71
Ctrl

С. Я. Маршак

О своем приходе в детскую литературу через театр

Из «Двух бесед с Л. К. Чуковской»

1957, 12 июля

Я пришел к детской литературе через театр. Интерес к детям был у меня всегда. До революции я много бывал в приютах, в Англии сблизился с лесной школой. Но по-настоящему я узнал детей, когда в Краснодаре группа энтузиастов устроила театр: Елизавета Ивановна Васильева, я и художник Воинов. Замечательный был у нас актер — Дмитрий Орлов, он потом работал в Москве у Мейерхольда. Прекрасно читал стихи Некрасова, а впоследствии «Василия Теркина».
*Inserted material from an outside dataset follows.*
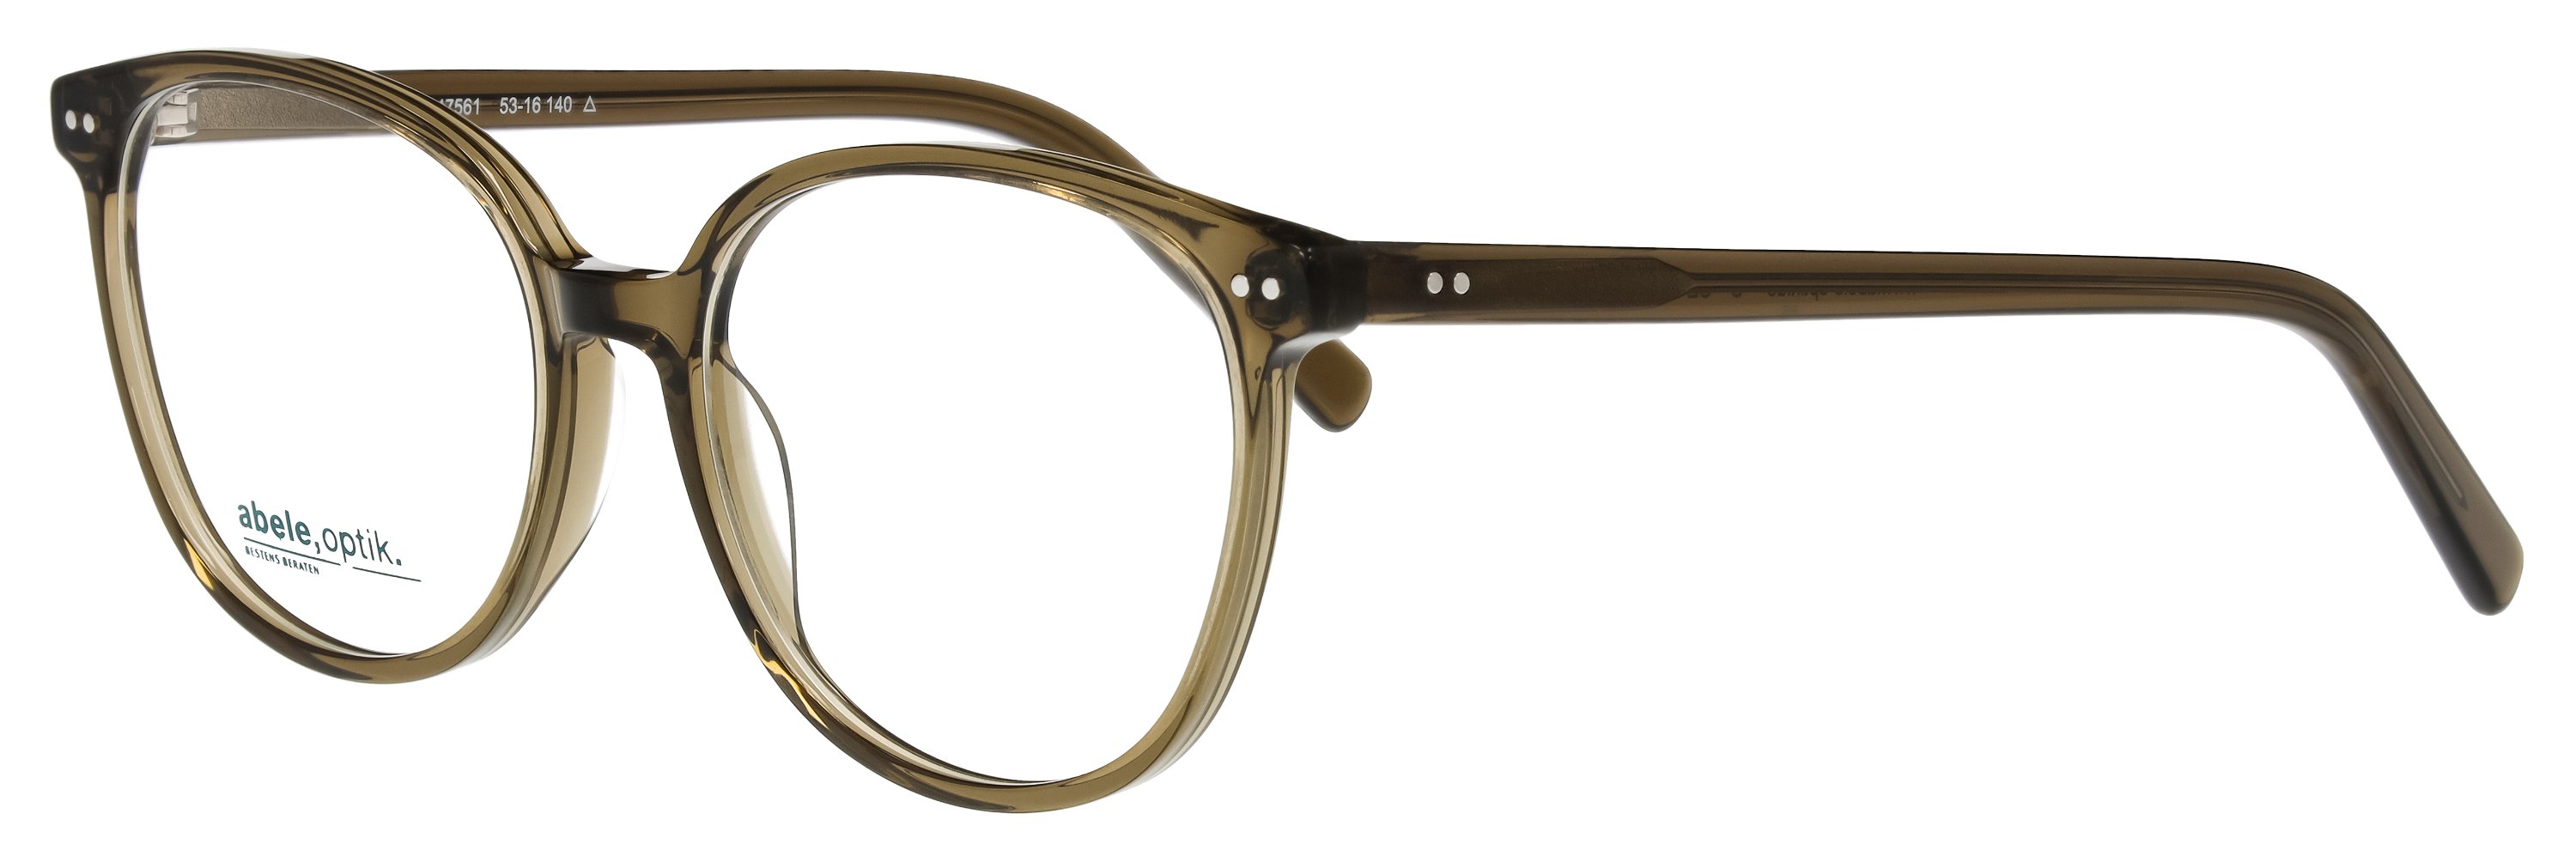 abele optik Brille für Damen in olivgrün 147561

В голодные годы я организовал «Детский городок». Нам отдали бывшее помещение Кубанской рады — целый дворец, — и мы там устроили читальню, библиотеку, детский сад. А главное наше дело было — детский театр. Первые мои вещи в стихах для театра — «Кошкин дом» (маленький) и «Сказка про козла». Начинали мы собственными силами, потом приехала группа — Орлов, Богданова и еще несколько человек. Они играли для взрослых, но мы условились с режиссером так: мы будем писать прологи для его большого театра, а он за это будет ставить пьесы у нас и даст нам своих актеров... Так и пошло наше дело. Там был чудесный художник, он придумал легкие раздвижные ширмы: получался то базар, то замок... Много было выдумки. Сидят зрители, вдруг выходит автор и говорит директору, что пьесы-то нет, он не поспел написать, что́ делать? Кто-то сидящий в зале предлагает свою — и начинается представление. Или так — выходит наивный автор и говорит: «У меня по пьесе гром... А у нас есть гром?» Было необыкновенно весело, дети театр обожали.
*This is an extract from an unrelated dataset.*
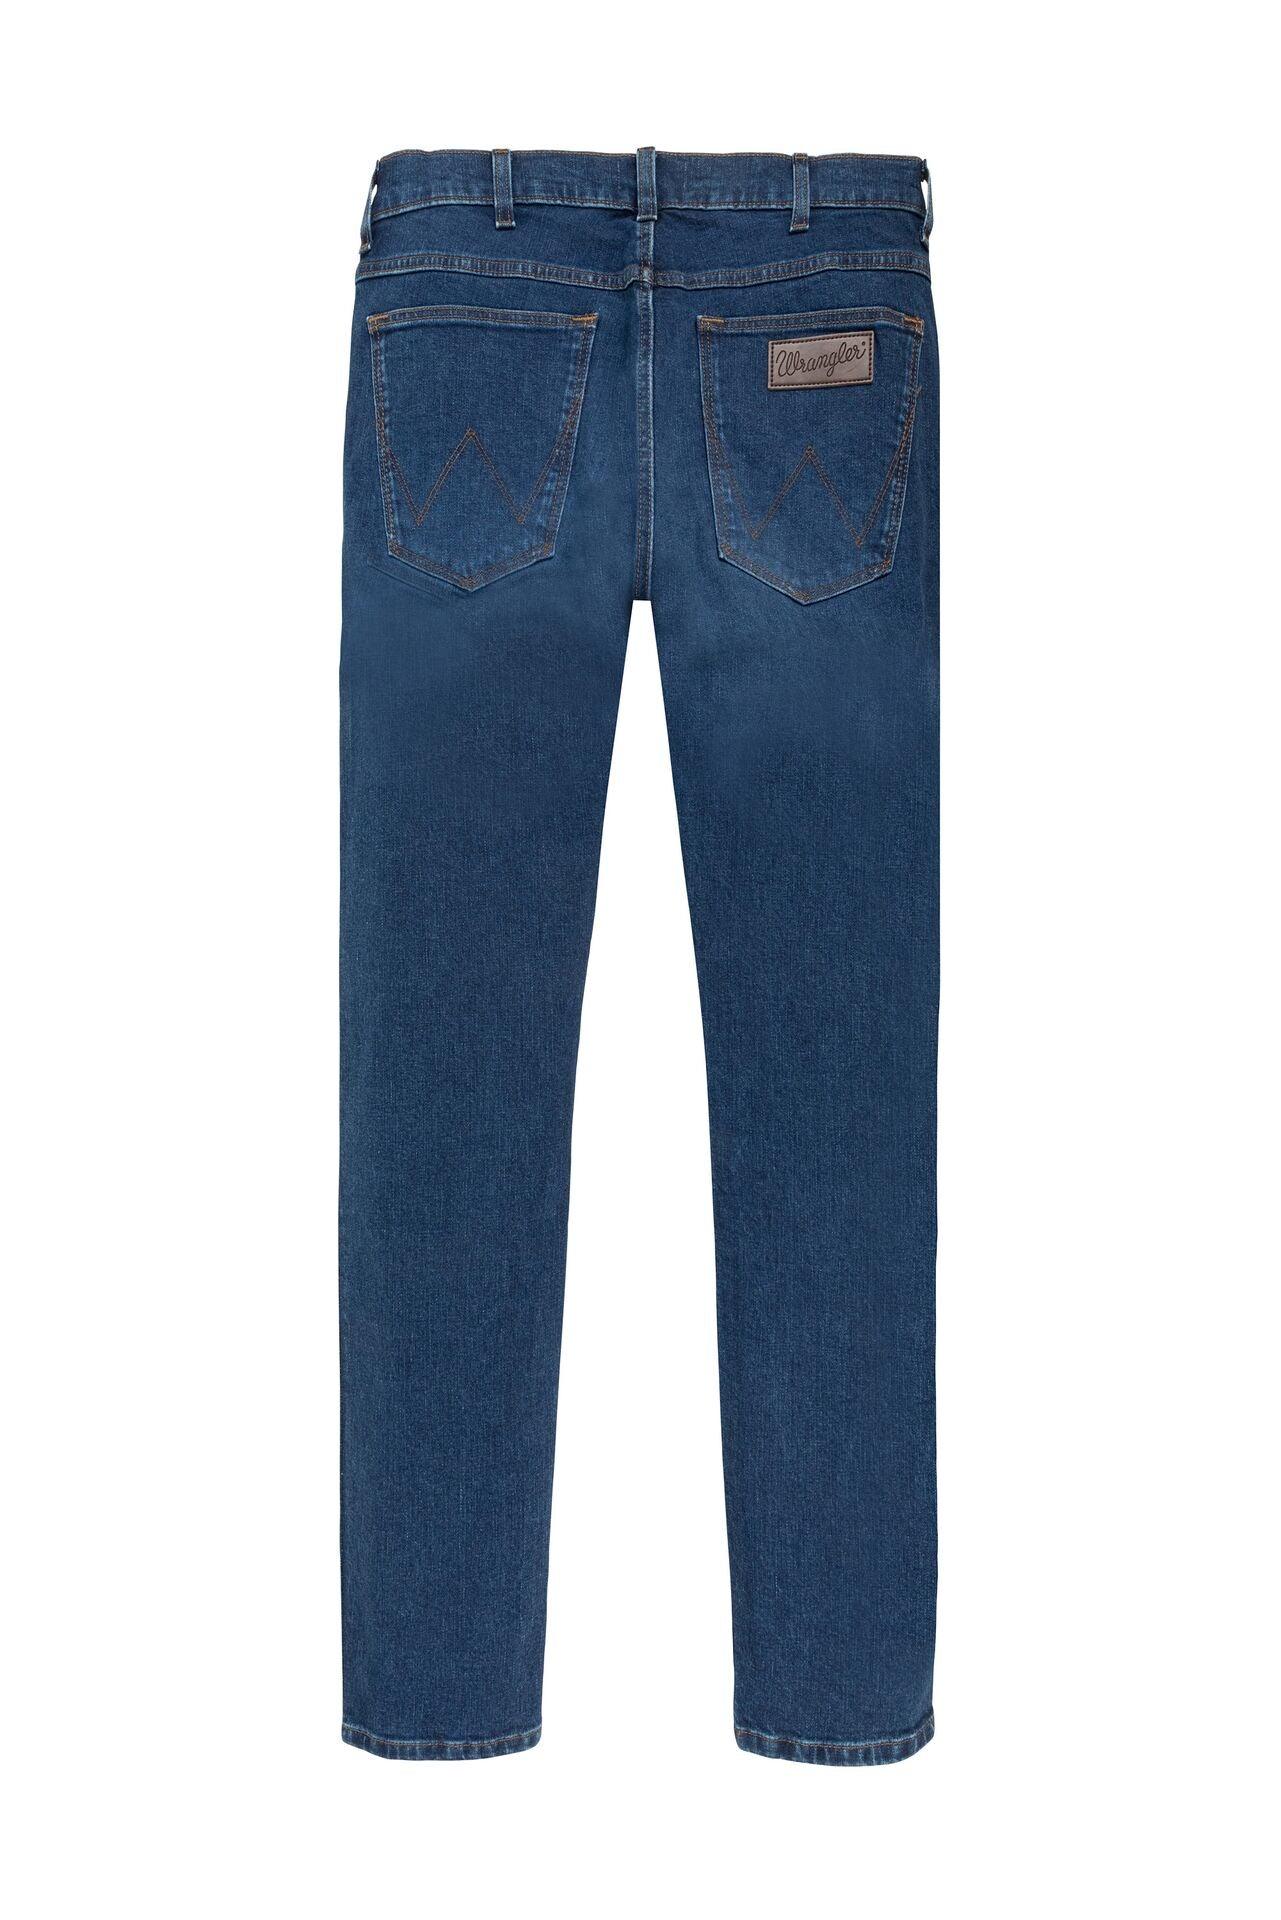 WRANGLER - ג'ינס BRYSON כחול כהה - MASHBIR//365

Но наш режиссер В. стал постепенно тяготиться театром. Администратор он был гениальный, а режиссер неважный. Он решил от детского театра избавиться. Я-то числился там всего только членом репертуарного совета, хотя все делал: стулья таскал, рояли двигал... Вмешиваться я не имел права, но не мог не вмешаться. Собрались дети, уселись, а рабочие, вижу, декораций не ставят. Я успокаиваю публику; сказать детям: «Идите домой, ничего не будет!» — просто невозможно. Рабочие без распоряжения режиссера отказываются ставить декорации (время было голодное, а им приходилось работать в детском театре без дополнительного пайка), а режиссер опаздывает. Наконец он является — этакий барин в перчатках. Я ему кричу:

— Что вы делаете?

А он мне:

— Не вмешивайтесь, это вас не касается!

Я размахнулся и дал ему по физиономии. Он кинулся меня душить. Нас разняли. Потом судили в Союзе работников искусств. Председателем суда была жена Орлова, она выступала в роли настоящей шекспировской Порции. Суду стало ясно, что драка произошла не на личной, а на принципиальной почве и что В. дело развалил. Решение было таково: меня лишить избирательных прав по Союзу Рабис [работников искусств] на шесть месяцев, а его на три. Он собирался ехать в Москву на съезд делегатом — и вдруг лишен избирательных прав... В. вывесил объявление о том, что он из театра уходит. Актеры могут по желанию — оставаться или уходить. Ожидали, что те актеры, которых он привел с собой, уйдут. И вдруг оказалось, что они ушли из взрослого театра и остались у нас! Мы им почти не платили... У нас был меценат в совнархозе по фамилии Свирский, он нам выдавал штыб (угольную пыль) на топливо. Я писал о нем что-то такое:

...Свирскому спасибо,
Он фунт хлеба нам дает
И полпуда штыба...

Позднее, уже через несколько лет, я встретил В. в поезде. Меня мучила совесть — идет за ним следом репутация битого человека, это ведь нелегко. Но он разговаривал со мной как ни в чем не бывало, вспоминал, как мы хорошо работали вместе, и т. д.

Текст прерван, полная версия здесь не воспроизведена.